+++ SOURCE MATERIAL +++

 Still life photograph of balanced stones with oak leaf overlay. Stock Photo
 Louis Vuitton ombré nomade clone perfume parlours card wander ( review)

+++
+++ SOURCE MATERIAL +++

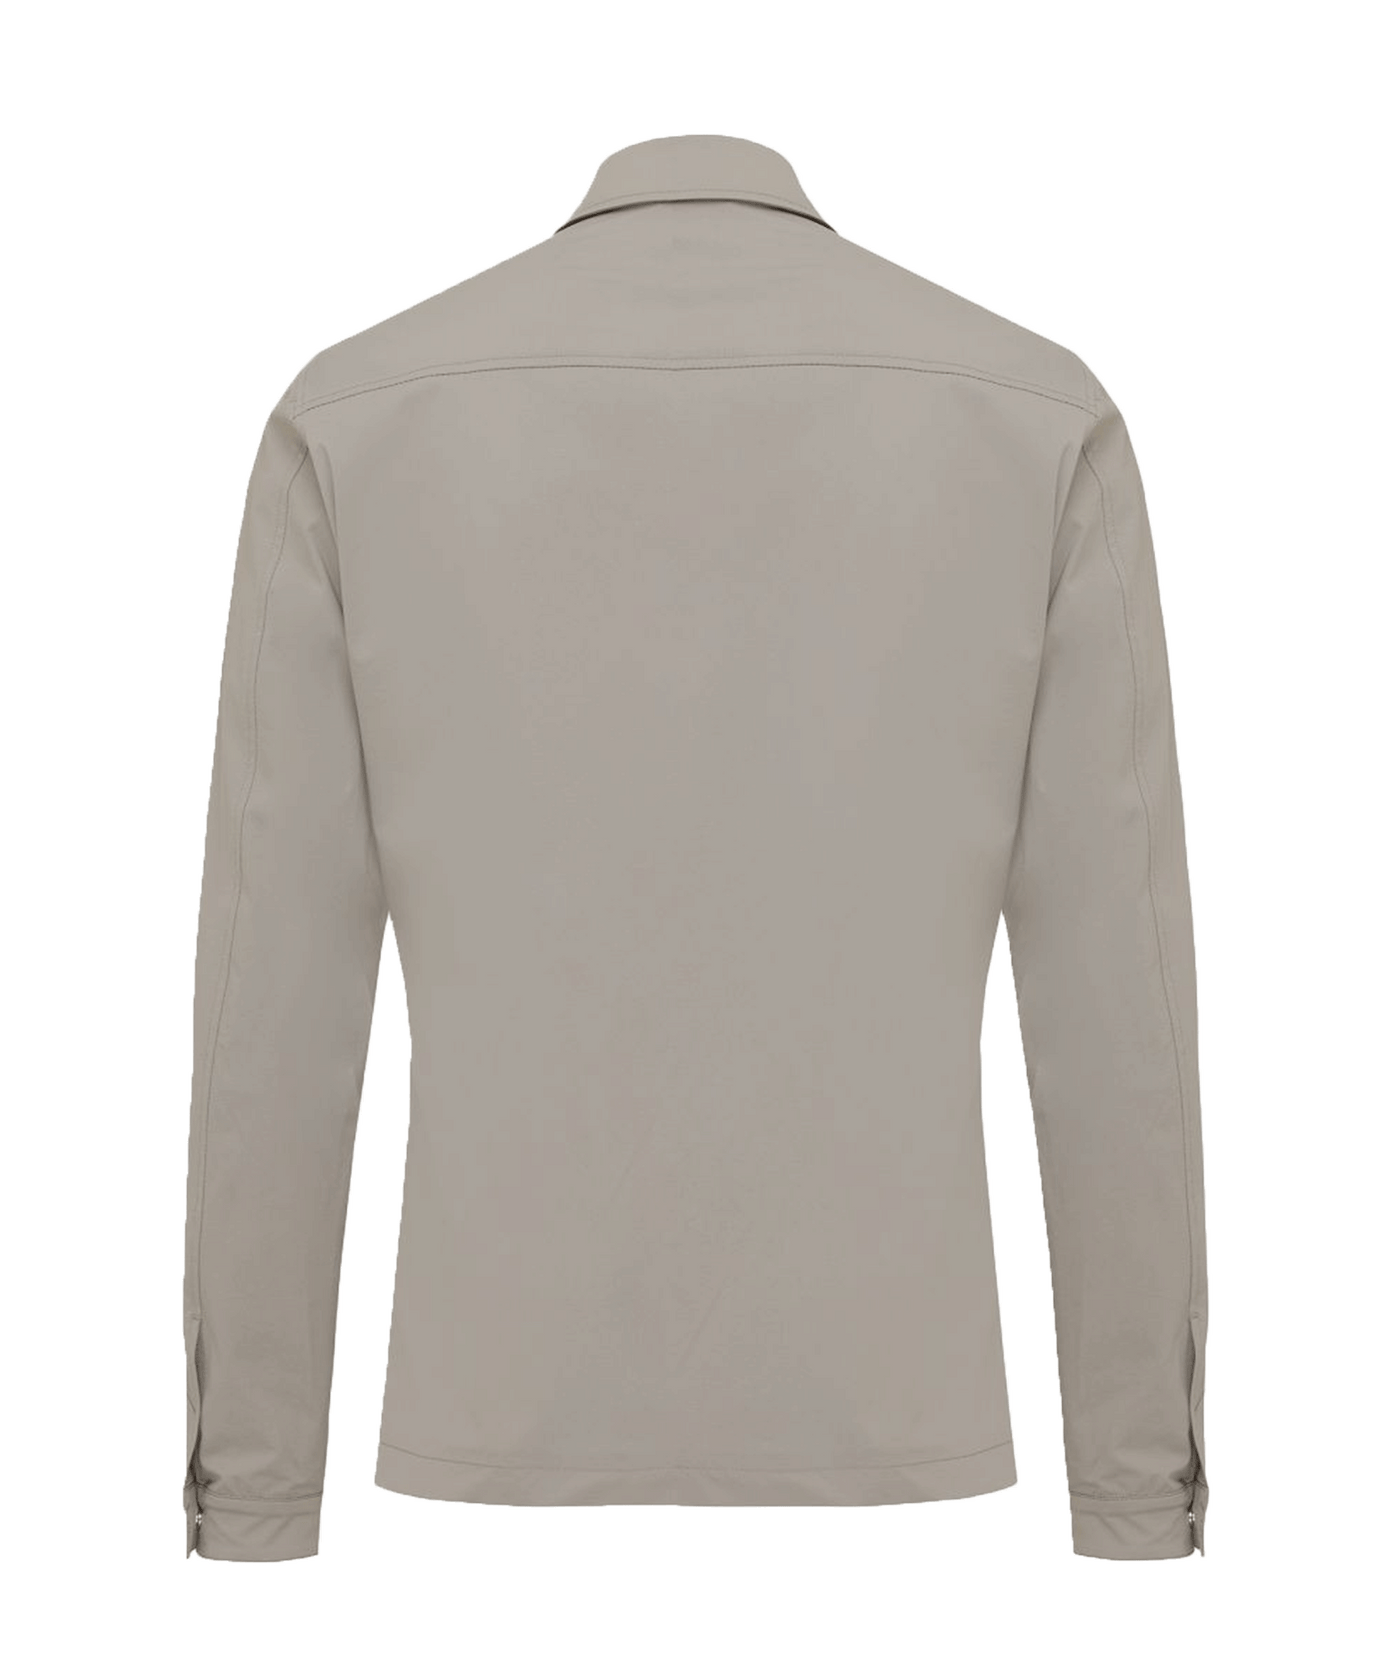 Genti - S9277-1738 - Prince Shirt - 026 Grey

+++
+++ SOURCE MATERIAL +++

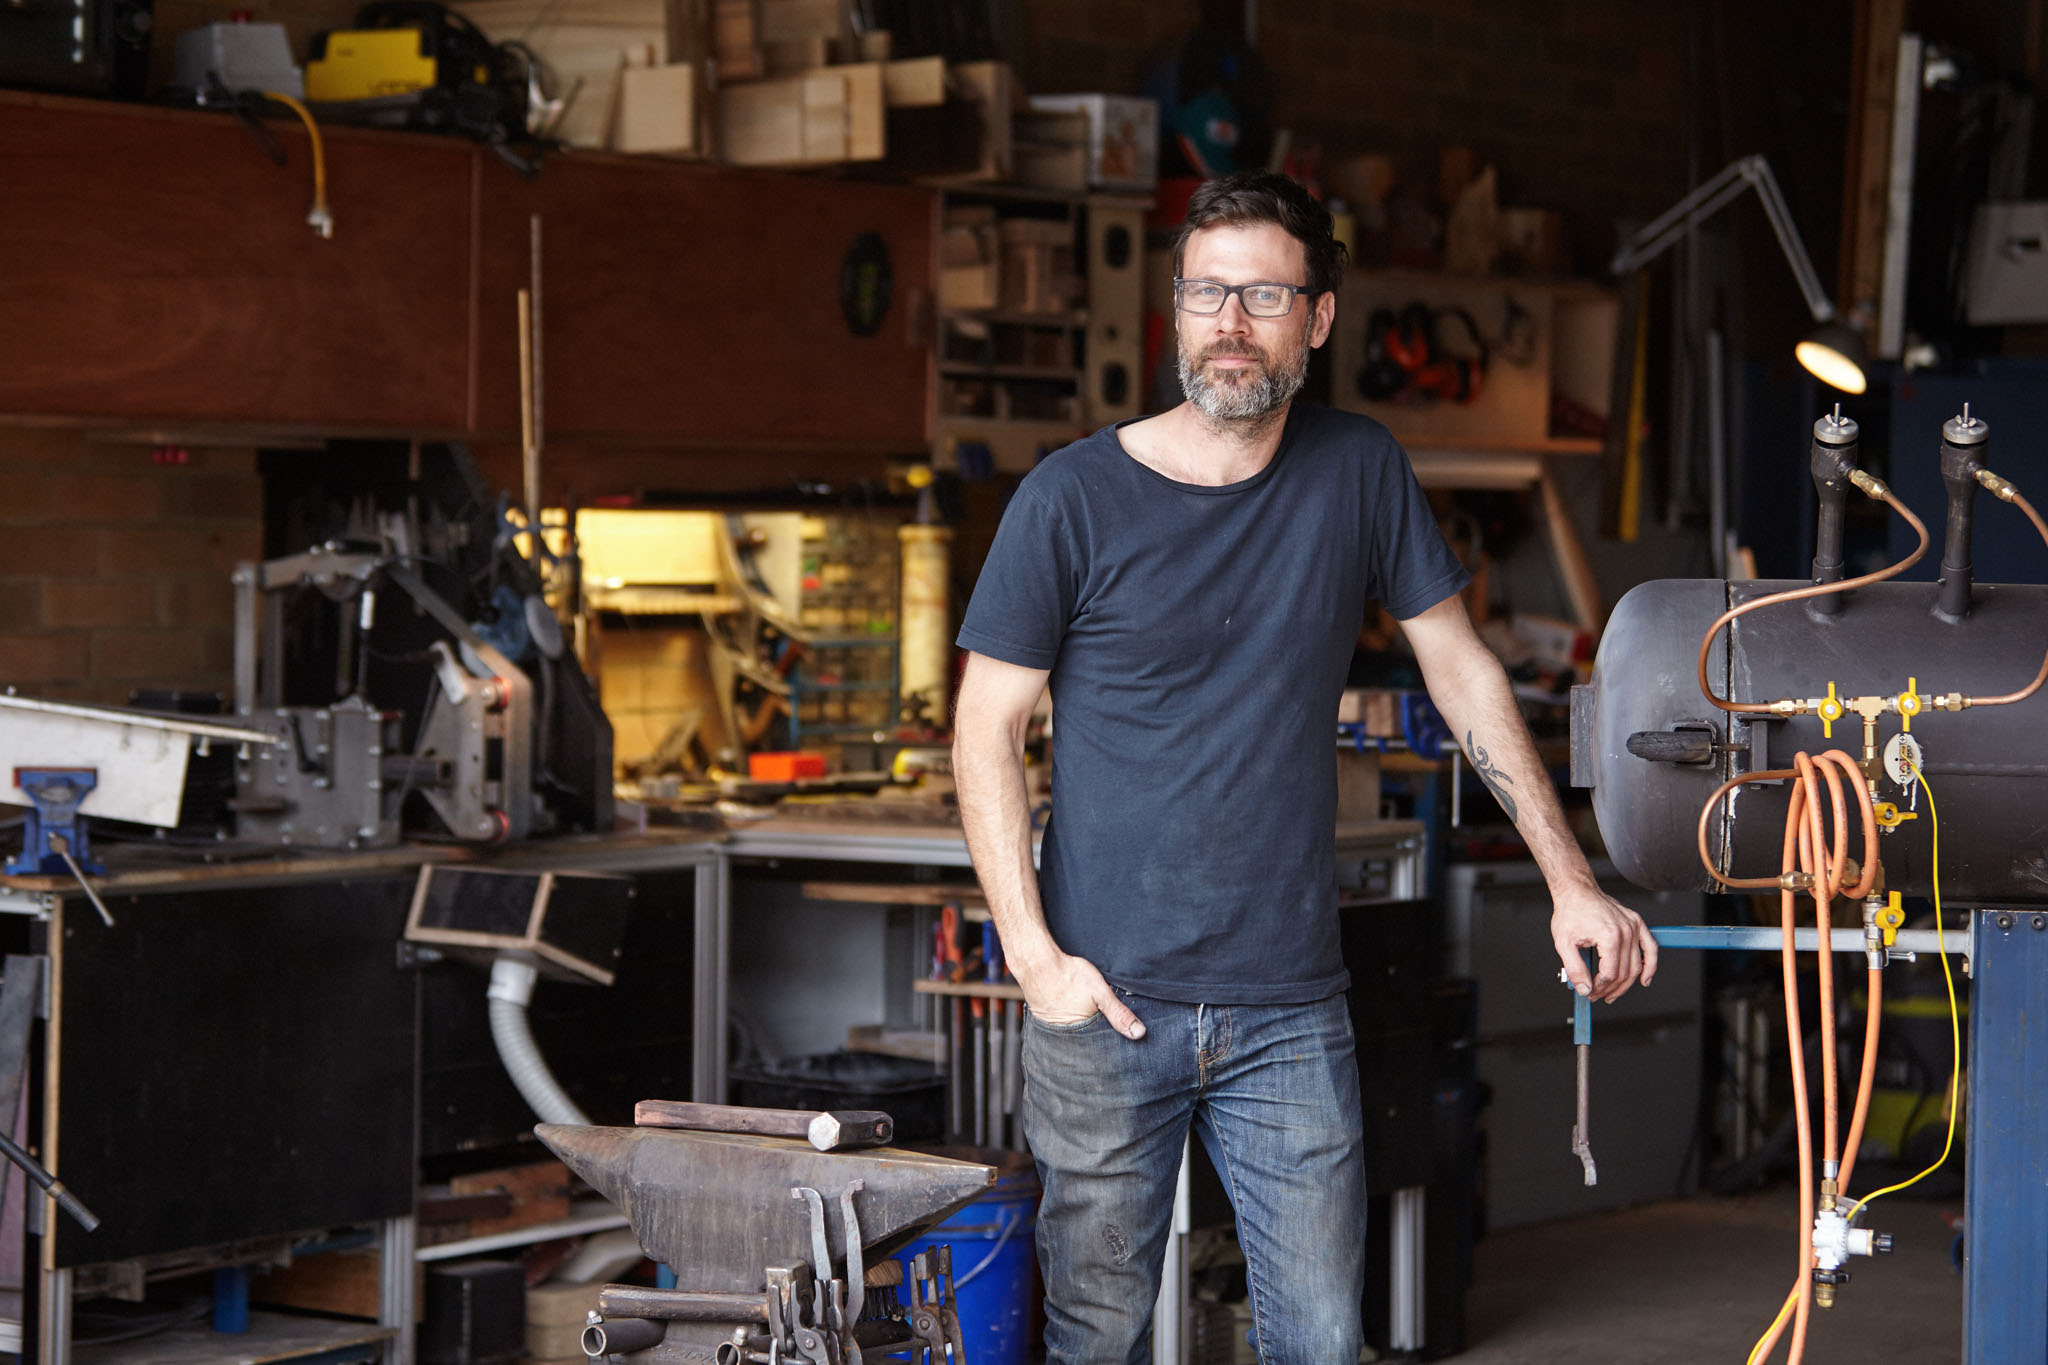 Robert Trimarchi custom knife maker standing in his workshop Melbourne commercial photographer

+++

YOUR GOAL
Using the data above, reproduce exactly the lines from the line that contains "Still life photograph" through the line that contains "Louis Vuitton ombré", including both.

SOLUTION BELOW
 Still life photograph of balanced stones with oak leaf overlay. Stock Photo
 Louis Vuitton ombré nomade clone perfume parlours card wander ( review)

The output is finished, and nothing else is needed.